As someone who intensely regrets not learning about the retirement of Loegria until after it was gone, I second this. If you hear *anything* in Iceni that you like, put off some other purchase and pick it up.

This is the one part of Spitfire's marketing that I vehemently dislike. Creating artificial scarcity for a digital product is already infuriating. Taking something that still works perfectly fine and creating a fake "out of print" category just takes that to a whole new level.
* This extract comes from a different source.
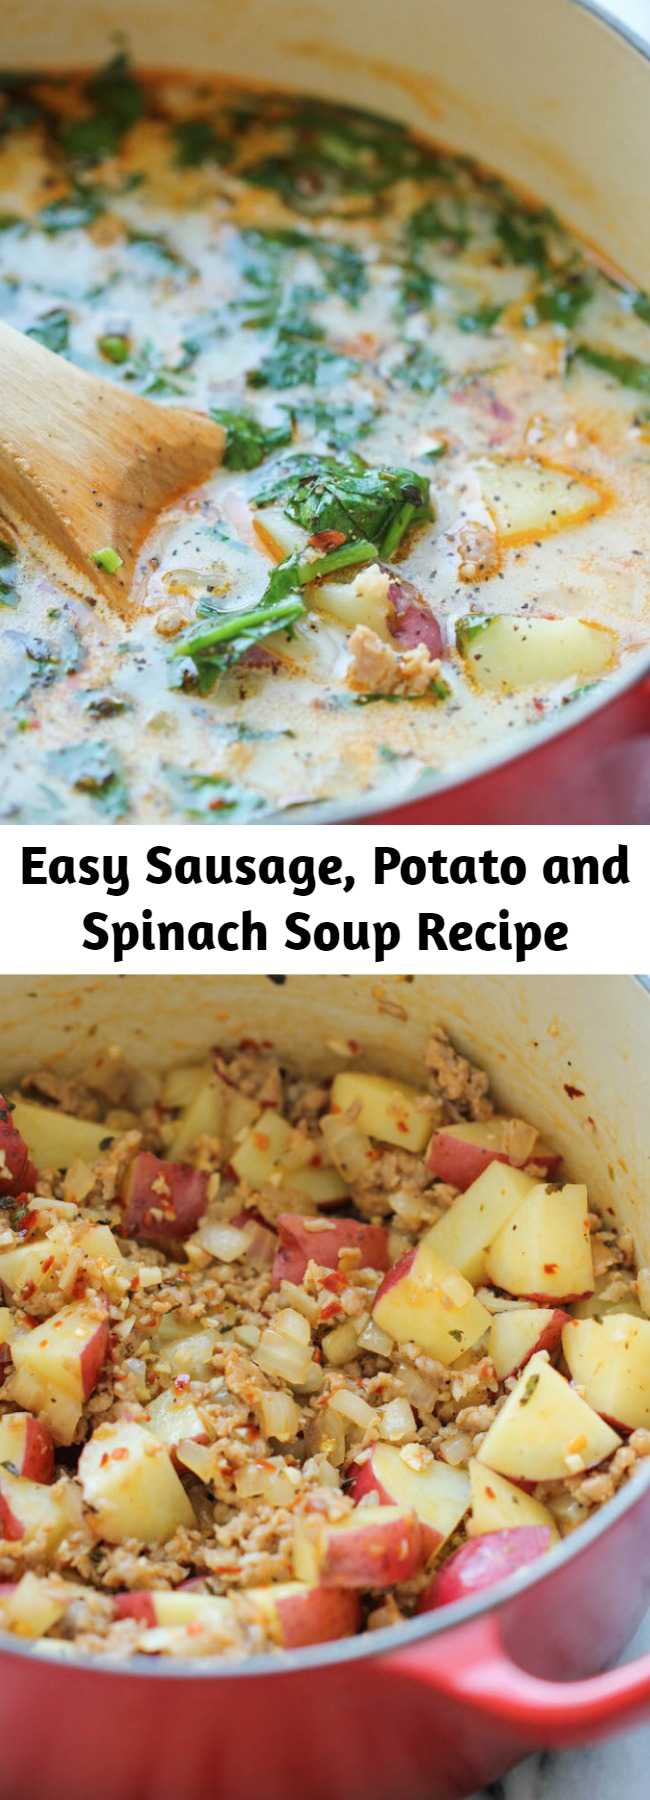 Easy Sausage, Potato and Spinach Soup Recipe - A hearty, comforting soup that’s so easy and simple to make, loaded with tons of fiber and flavor!

I know Spitfire doesn't really care about this forum any more and after what I've seen in some past threads, don't blame them. But if they're reading and interested in suggestions from people who've already dropped several Gs with them, please create a new "retired" category of products that will never again be updated and that are exempt from any tech support, but offer them to the people who really want them.


----------



## GeorgeThatMusicGuy (Mar 6, 2022)

Ray Toler said:


> As someone who intensely regrets not learning about the retirement of Loegria until after it was gone, I second this. If you hear *anything* in Iceni that you like, put off some other purchase and pick it up.
> 
> This is the one part of Spitfire's marketing that I vehemently dislike. Creating artificial scarcity for a digital product is already infuriating. Taking something that still works perfectly fine and creating a fake "out of print" category just takes that to a whole new level.
> 
> I know Spitfire doesn't really care about this forum any more and after what I've seen in some past threads, don't blame them. But if they're reading and interested in suggestions from people who've already dropped several Gs with them, please create a new "retired" category of products that will never again be updated and that are exempt from any tech support, but offer them to the people who really want them.
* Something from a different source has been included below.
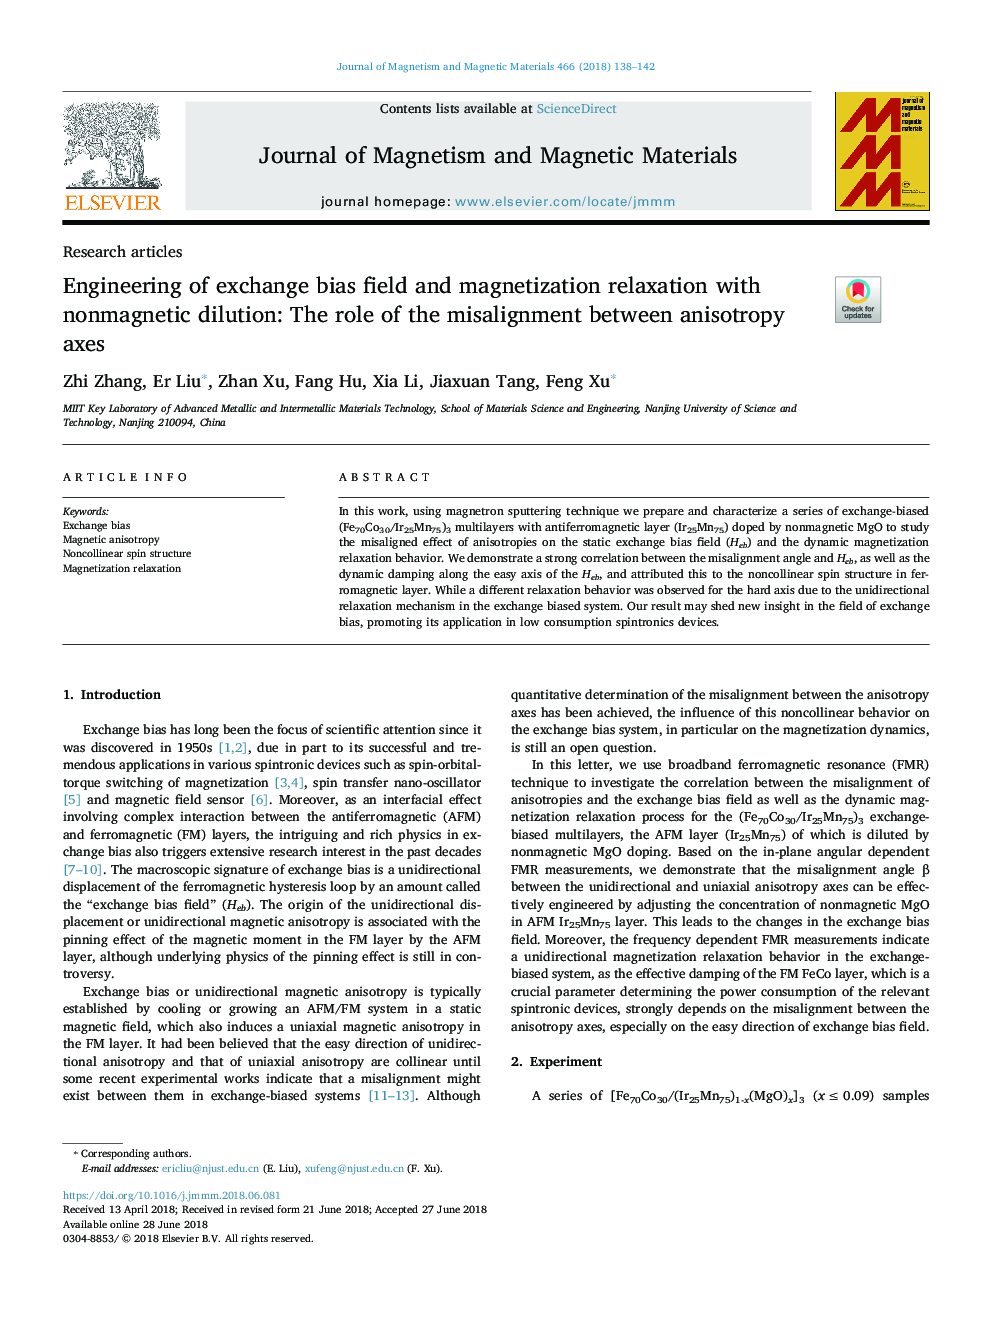 Engineering of exchange bias field and magnetization relaxation with nonmagnetic dilution: The role of the misalignment between anisotropy axes

Yes please, I would do anything for Albion II


----------



## Ray Toler (Mar 6, 2022)

GeorgeThatMusicGuy said:


> Yes please, I would do anything for Albion II


I reached out to them privately as soon as I learned that it had been discontinued, but there was nothing to be done. I suspect that the only way to get a "retired" product out of Spitfire is to be named Hans. Or _maybe_ Olafur. Maybe.


----------



## Geoff Grace (Mar 6, 2022)

I see some real pain and mourning in this thread over discontinued libraries. It makes sense to have a sense of loss when a door closes, and I understand that each recording is unique and can result in beautiful samples that can help us craft extra magic into our music.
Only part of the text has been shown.